The media are doing a good job of helping to fuel our health anxieties with all this coverage of Covid-19 (aka the Coronavirus). It is useful to know and understand how these viruses are transmitted and to be aware that they can be potentially dangerous. However, it is very important to not let the fear overtake rationality and to remember that we are not powerless against viruses. Our immune systems have been evolving and adapting to cope with viruses just like these since the dawn of time so it is important to have some faith in your own body’s ability to cope with this virus. In addition to following the important advice to reduce the risk of disease transmission through hygiene measures, there are some easy actions you can take to help support your immune system and ready yourself for whatever pathogens come your way. Read on to find out more about top tips you can do to support your immune system.


  1. Make sure you get enough sleep and try to maintain a regular sleep pattern i.e. going to bed at roughly the same time and getting up at roughly the same time every day. Aim for 8-9 hours.

  2. Manage or avoid stress well. We all have stresses in our lives – some of which we can control and some we can’t. Let the little things slide and use stress management techniques like walking in nature, meditation, yoga or mindfulness. Acupuncture is also fantastic at helping to relax and reduce stress levels.

  3. Keep active and move regularly throughout the day, but avoid intense or strenuous activity that leaves you exhausted. Do what is manageable for you according to your constitution and lifestyle.

  4. Cut out crap, processed foods, eat real foods and increase the nutrient density of your foods. Aim for 7 or more servings of vegetables and fruit everyday or at the very least 5 a day. Eat good quality animal proteins, fish and legumes (beans and pulses if you tolerate them well).

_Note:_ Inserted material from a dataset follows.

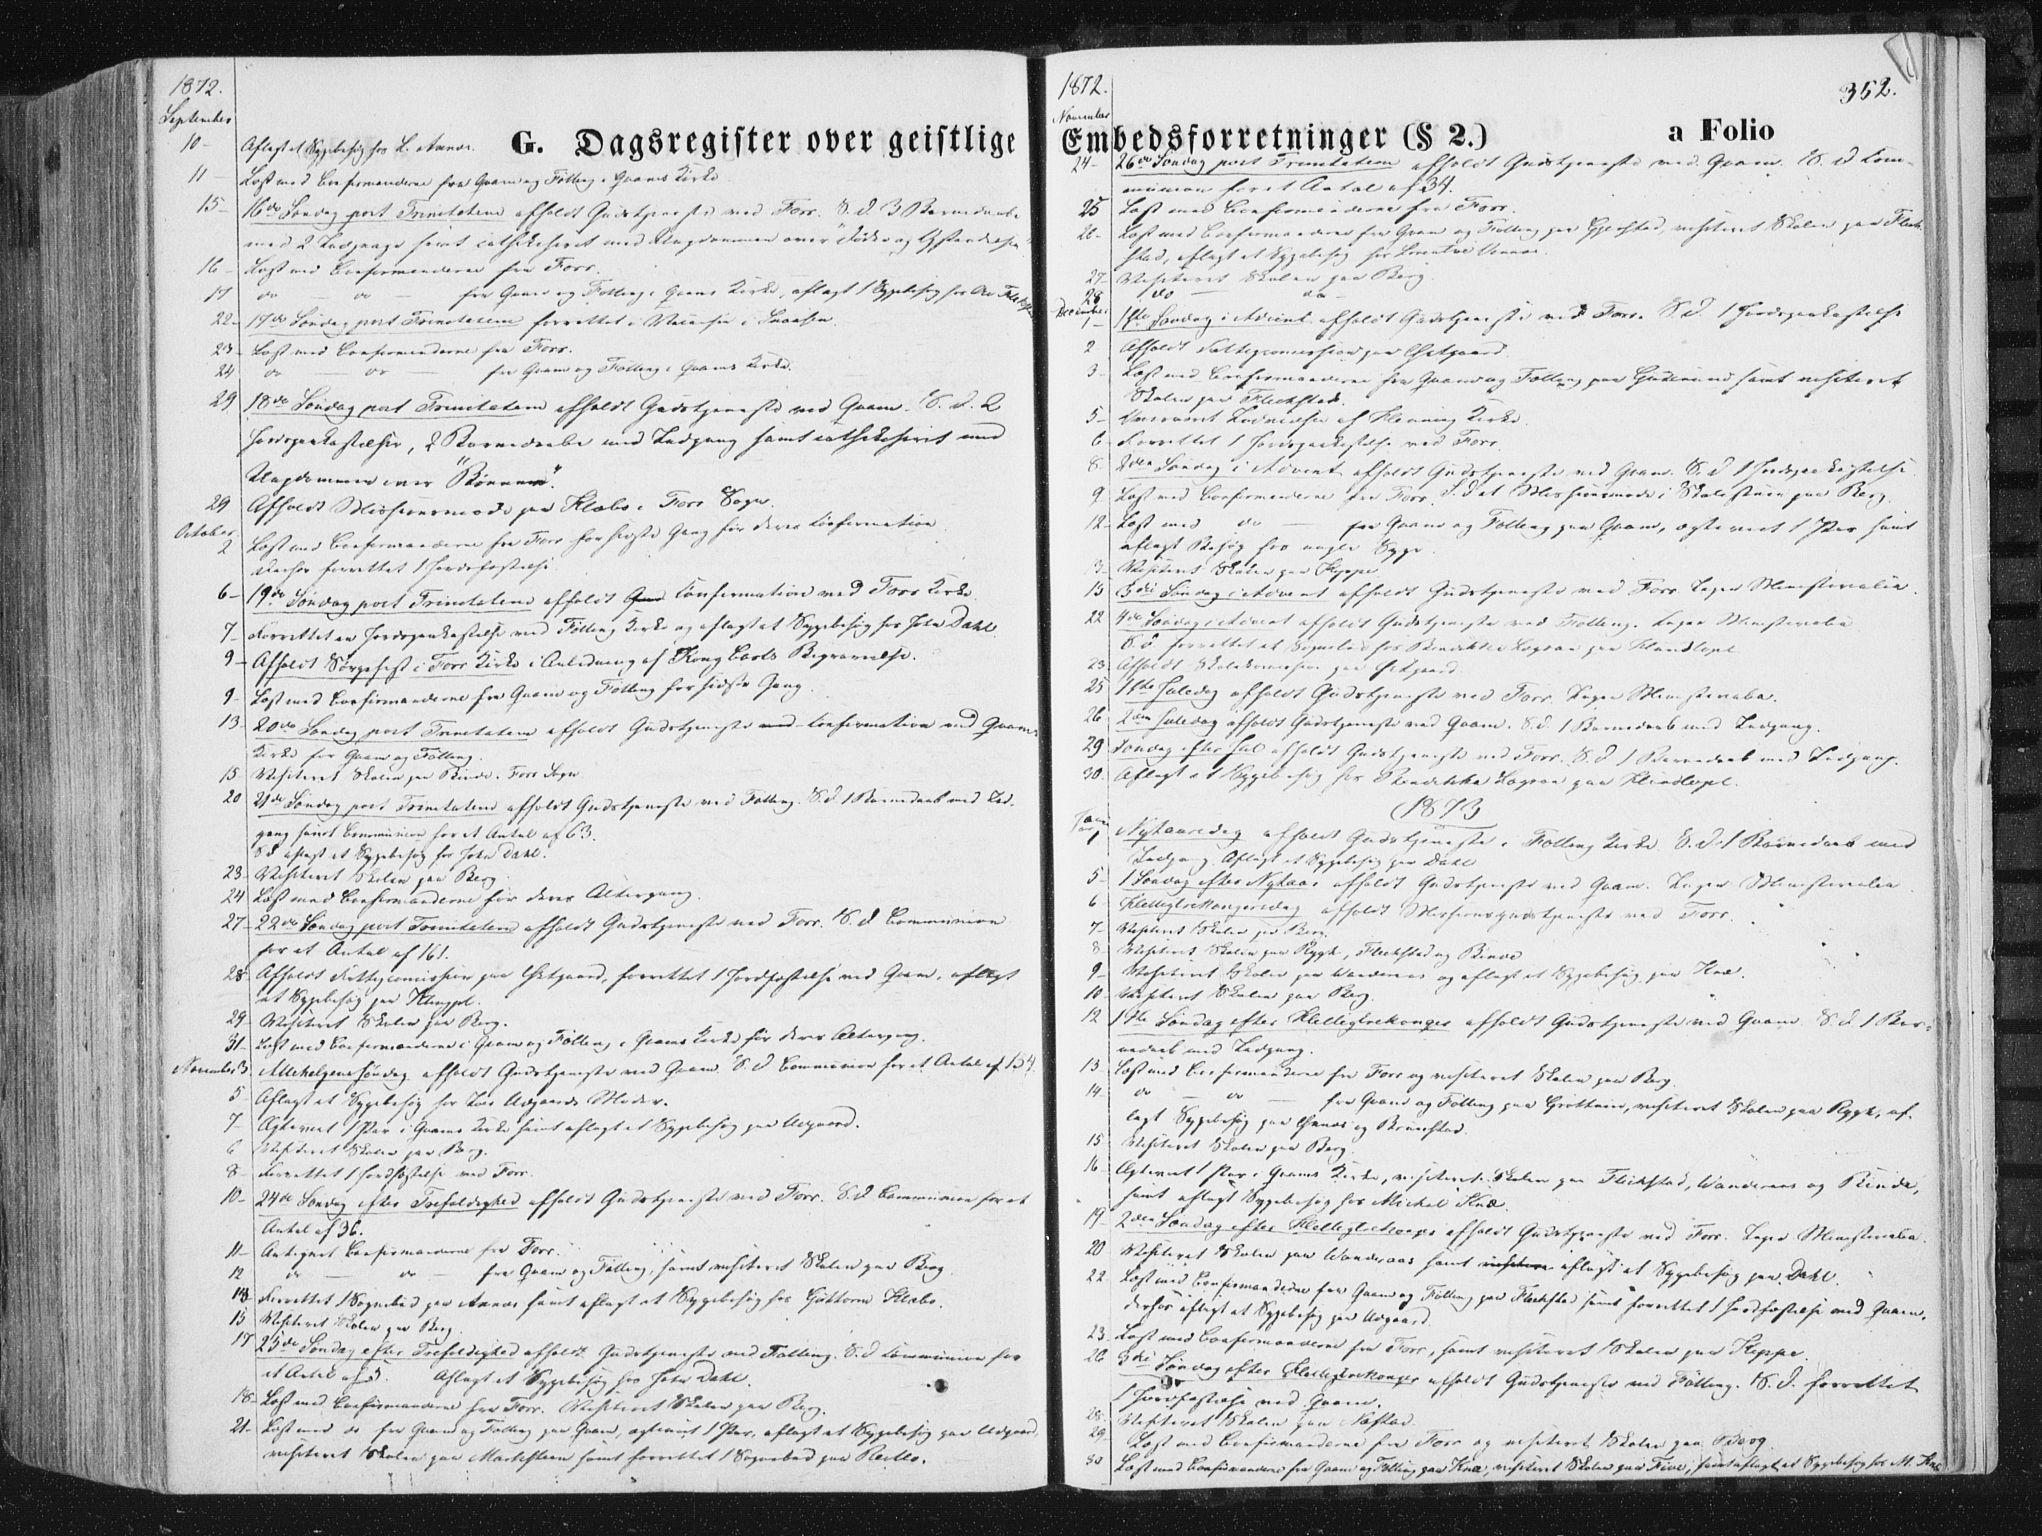 SAT, Ministerialprotokoller, klokkerbøker og fødselsregistre - Nord-Trøndelag, 746/L0447: Ministerialbok nr. 746A06, 1860-1877, s. 352

5. Eat more foods that help to support your gut health as well as provide you with abundant immune boosting nutrients such as: cruciferous veggies, leafy veggies, mushrooms, onion family (especially spring onions and garlic), carrots, beetroots, sweet potatoes and other root vegetables, parsley, apples, berries, citrus fruit, extra virgin olive oil, fish, shellfish, organ meat, green and black tea, herbal teas such as ginger, Echinacea, elderberry, dark chocolate, grass-fed beef, nuts, seeds, bone broth.


6. Keep hydrated with plenty of water or herbal teas (warm or cold, whichever you prefer)


7. Check your vitamin D levels and if needed, consider supplementing with a good quality vitamin D3 – remember in the Scottish winters we get almost no natural vitamin D so there is a good chance your levels will be low. Vitamin D is essential for keeping your immune system in balance. Read more about Vitamin D here: https://scotsneedvitamind.com


Traditional Chinese Medicine and Acupuncture support of Immunity

From a Chinese medicine perspective the Wei Qi is very important to fighting off pathogenic factors. The concept of Wei Qi is similar to some aspects of the immune system in conventional medicine. Following the guidance above helps to strengthen “Wei Qi” and there are some acupuncture points that can help too. Stimulating acupuncture points Lu7 and LI4 on the hands and wrists and BL12 and BL13 on the upper back are used by acupuncturists to boost the Wei Qi and expel pathogens in the upper respiratory system. Images of these point locations are below. You can apply acupressure to these points by rubbing the points for a couple of minutes regularly.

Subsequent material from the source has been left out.